## WORK INSTRUCTION
All of the records should be restated word for word.

Segment Start: GIVEN ENTRIES

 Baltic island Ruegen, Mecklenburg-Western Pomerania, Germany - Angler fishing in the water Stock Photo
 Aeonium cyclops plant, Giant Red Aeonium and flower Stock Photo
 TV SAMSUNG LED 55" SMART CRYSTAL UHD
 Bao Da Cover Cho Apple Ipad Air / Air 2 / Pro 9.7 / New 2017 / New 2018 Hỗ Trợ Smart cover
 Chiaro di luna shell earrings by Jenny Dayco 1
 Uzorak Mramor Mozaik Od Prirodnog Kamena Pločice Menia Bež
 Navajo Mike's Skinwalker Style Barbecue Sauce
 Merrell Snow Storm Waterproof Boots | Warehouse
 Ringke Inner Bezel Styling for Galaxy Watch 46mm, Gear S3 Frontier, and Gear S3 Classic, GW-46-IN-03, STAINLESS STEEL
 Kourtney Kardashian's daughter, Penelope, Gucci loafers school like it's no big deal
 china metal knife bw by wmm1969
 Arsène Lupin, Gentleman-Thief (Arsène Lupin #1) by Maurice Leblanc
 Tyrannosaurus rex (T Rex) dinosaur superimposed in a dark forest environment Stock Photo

Segment End: GIVEN ENTRIES

## PROBLEM SOLUTION
 Baltic island Ruegen, Mecklenburg-Western Pomerania, Germany - Angler fishing in the water Stock Photo
 Aeonium cyclops plant, Giant Red Aeonium and flower Stock Photo
 TV SAMSUNG LED 55" SMART CRYSTAL UHD
 Bao Da Cover Cho Apple Ipad Air / Air 2 / Pro 9.7 / New 2017 / New 2018 Hỗ Trợ Smart cover
 Chiaro di luna shell earrings by Jenny Dayco 1
 Uzorak Mramor Mozaik Od Prirodnog Kamena Pločice Menia Bež
 Navajo Mike's Skinwalker Style Barbecue Sauce
 Merrell Snow Storm Waterproof Boots | Warehouse
 Ringke Inner Bezel Styling for Galaxy Watch 46mm, Gear S3 Frontier, and Gear S3 Classic, GW-46-IN-03, STAINLESS STEEL
 Kourtney Kardashian's daughter, Penelope, Gucci loafers school like it's no big deal
 china metal knife bw by wmm1969
 Arsène Lupin, Gentleman-Thief (Arsène Lupin #1) by Maurice Leblanc
 Tyrannosaurus rex (T Rex) dinosaur superimposed in a dark forest environment Stock Photo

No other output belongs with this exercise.